The about R5 billion of Tongaat’s debt to be exchanged is a portion of the debt owed by the company to the bank lender group and which has been acquired collectively by Vision Investments.

Tongaat and Vision Investments said on Wednesday this transaction essentially strengthens Tongaat’s balance sheet by almost R5 billion and is a material step contemplated in the implementation of the approved Tongaat business rescue plan.

However, they said: “Although Vision wishes to retain Tongaat’s listed status, in the event of the shareholders rejecting the equity subscription, a sale of assets will be pursued.”

They added: “It is also possible that a potential mandatory offer, on terms acceptable to Vision, could result in minority shareholders being bought out and then Tongaat being delisted.

“The first step is however to contemplate the equity subscription, which is what the currently approved business rescue plan contemplates.”

Tongaat and Vision Investments added that the equity subscription is subject to a number of suspensive conditions in addition to the support of Tongaat’s shareholders.

These suspensive conditions include the:

  • Passing of all resolutions required to give lawful effect to each of the agreements required to implement the equity subscription;
  • Consent of the applicable competition authorities to the equity subscription and the change of control of the Tongaat Hulett group resulting from this;
  • Passing of an ordinary resolution by the shareholders waiving the requirement for a mandatory offer to be made by the Vision parties to any minority shareholders of Tongaat to acquire all or a portion of the shares held by such minority shareholders;
  • The Takeover Regulation Panel (TRP) exempting the Vision parties from any obligation to make a mandatory offer to existing shareholders of Tongaat following the equity subscription; and
  • A circular being posted by Tongaat to its shareholders seeking approvals from them to enable the company to proceed with and implement the equity subscription and the shareholders approving the resolutions proposed in the circular.
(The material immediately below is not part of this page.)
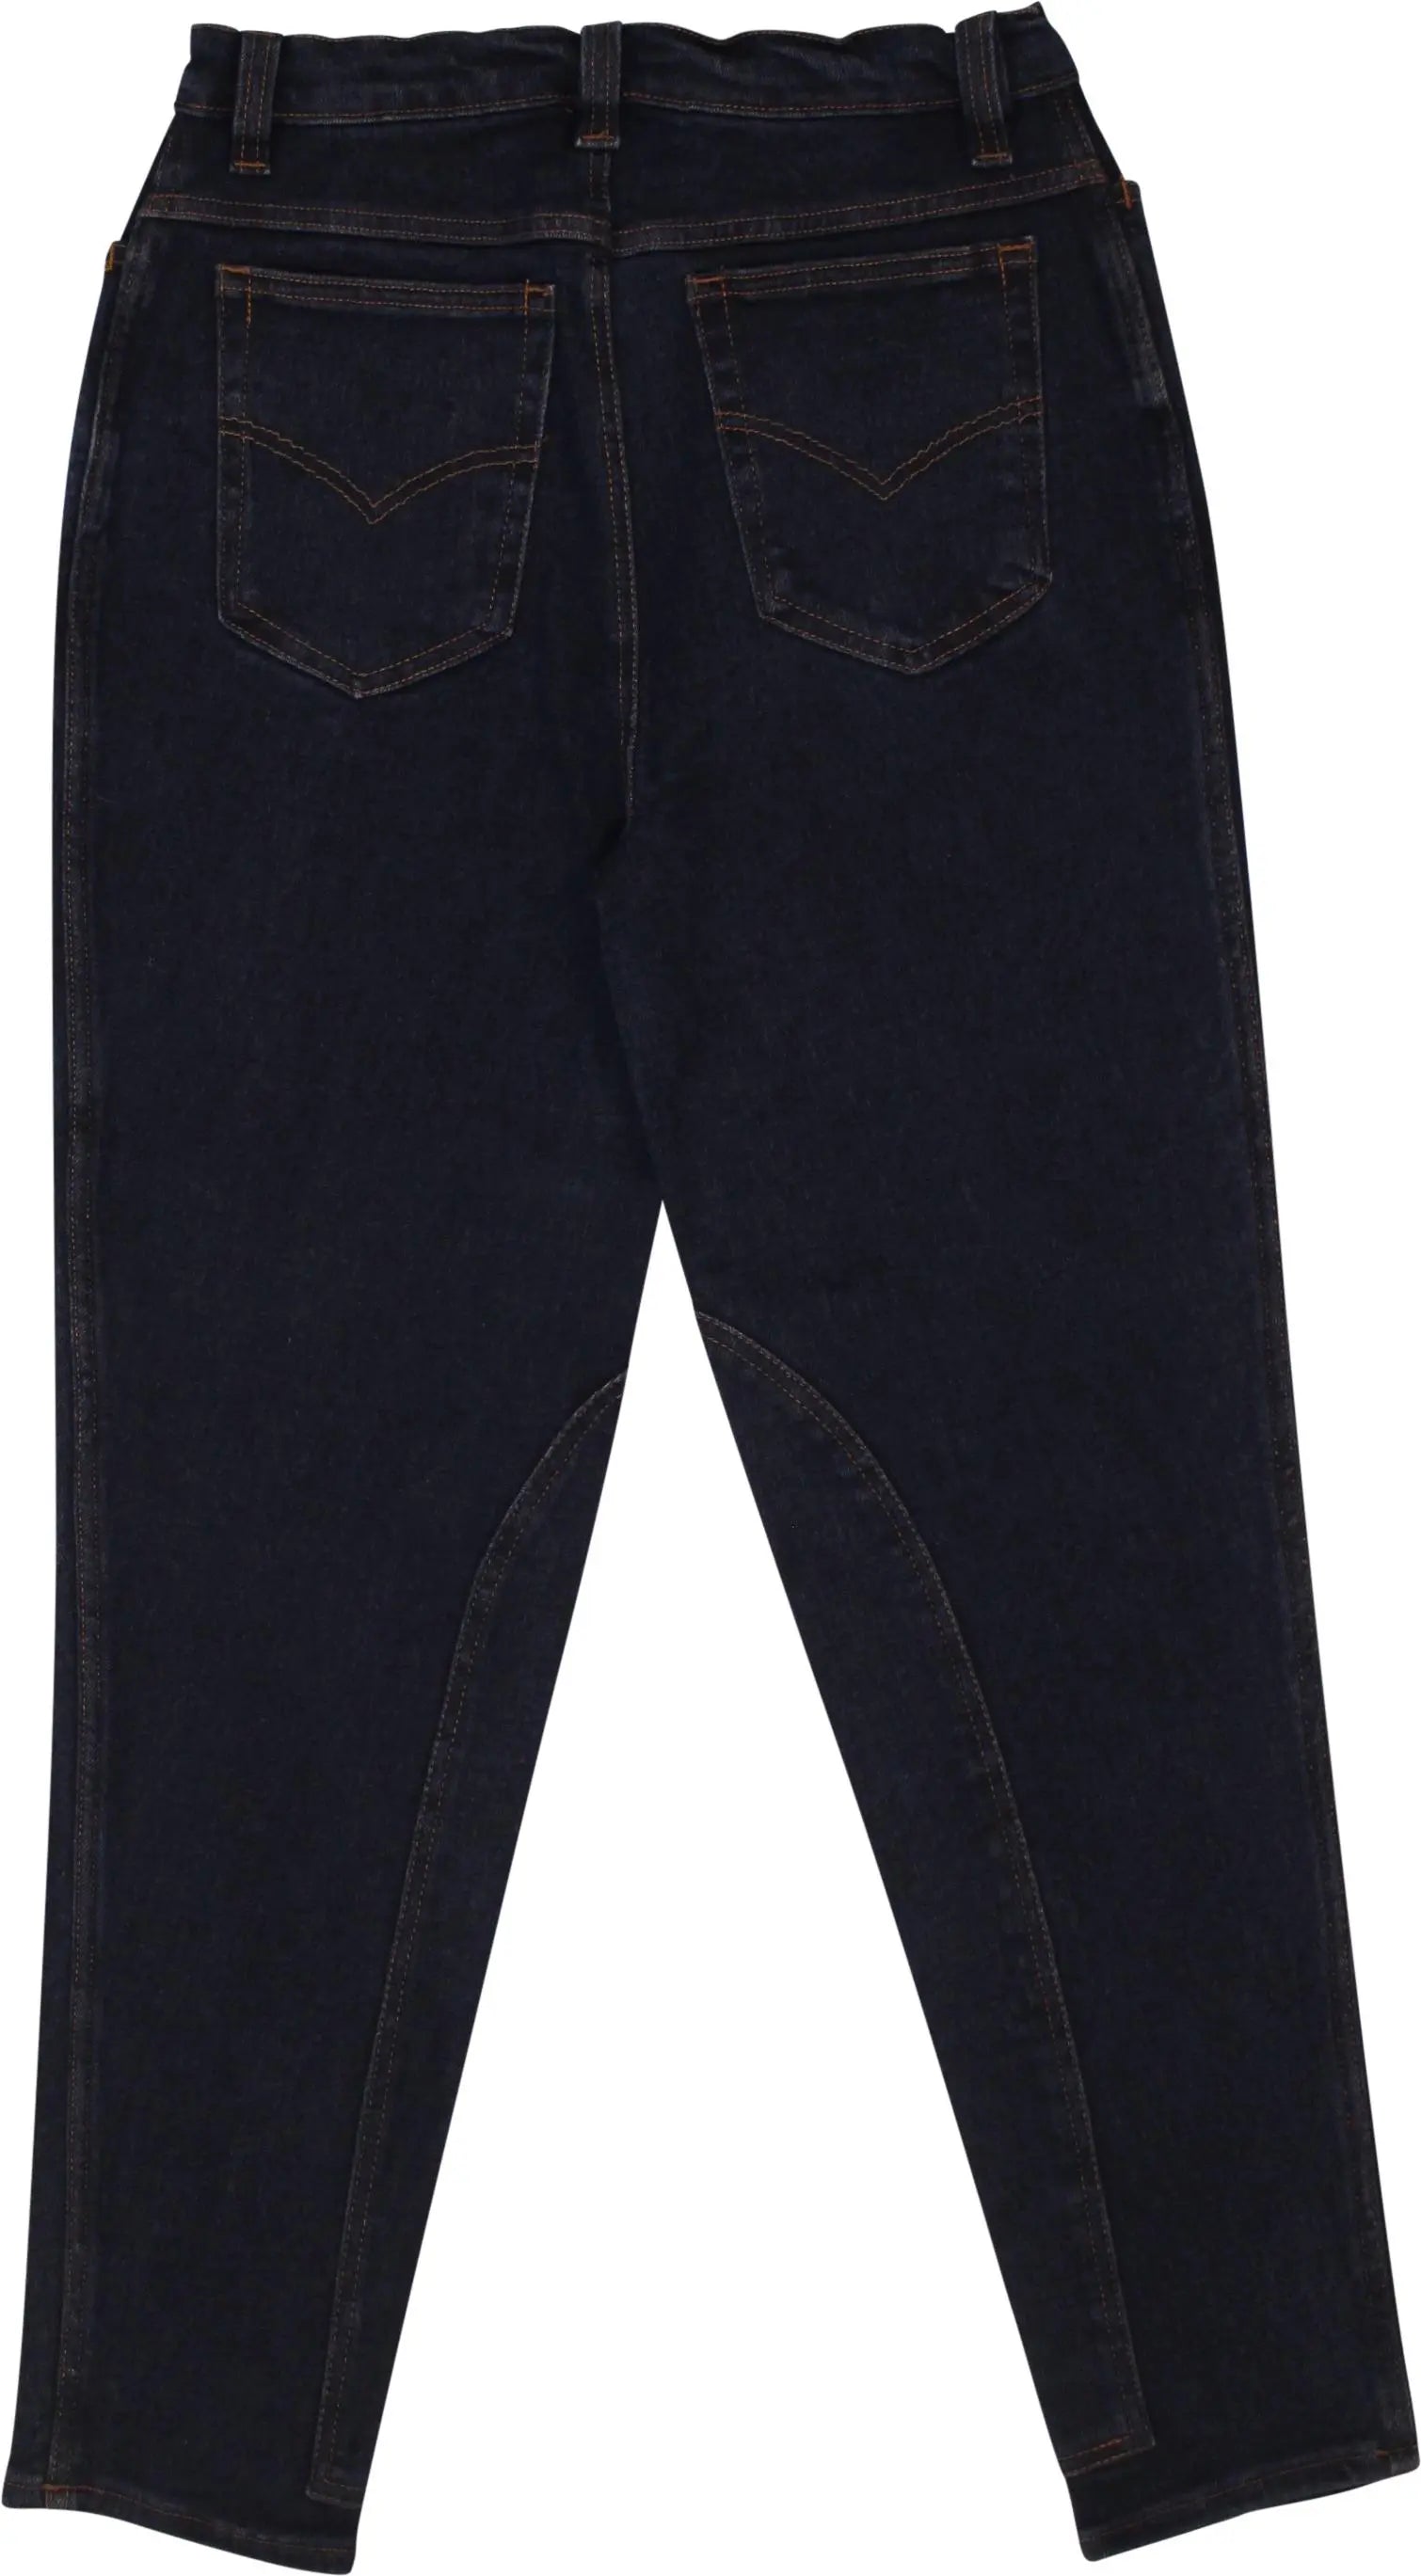 Elt - Mom Jeans- ThriftTale.com - Vintage and second handclothing

The implementation of the equity subscription by Vision Investments will result in it owning 97.3% of the total issued share capital of Tongaat.

The equity claim is to be disposed of by Vision Investments to Tongaat in exchange for the shares, with about 4.86 billion shares issued.

This represents the maximum number of shares available for issue based on the current number of authorised but unissued shares of Tongaat.

Tongaat and Vision Investments said that based on the value of the equity claim at the signature date of the equity subscription agreement, a deemed share price of 101 cents per share can be mathematically calculated.

However, they said the deemed share price has not been arrived at through any empirical determination of fair value, given the financial distress faced by the company, but rather as the total quantum of debt required to be extinguished through the issue of the maximum number of available new shares to restore the company to solvency.

Tongaat and Vision said it is the view of the Vision parties that a deemed share price of 101 cents per share is not representative of the fair value per share.

“If a mandatory offer were to be triggered following the implementation of the equity subscription, the mandatory offer price would be determined based on the fair value per share and not on the deemed share price of 101 cents per share,” they said.

The 30-day weighted average trading price of the shares is not available because Tongaat has been suspended from trading on the JSE since July 2022.

Tongaat and Vision Investments added that should the exchange of the debt for equity not be approved by shareholders, the approved business rescue plan for Tongaat provides for an alternative mechanism to transfer ownership of the company’s assets and businesses to Vision Investments.

“In the alternative mechanism, a shareholder vote will not be required,” it said.

“Post transfer of ownership of the Tongaat assets and businesses to Vision, the Tongaat shares would have no value and are unlikely to trade again, with a delisting being the final outcome.”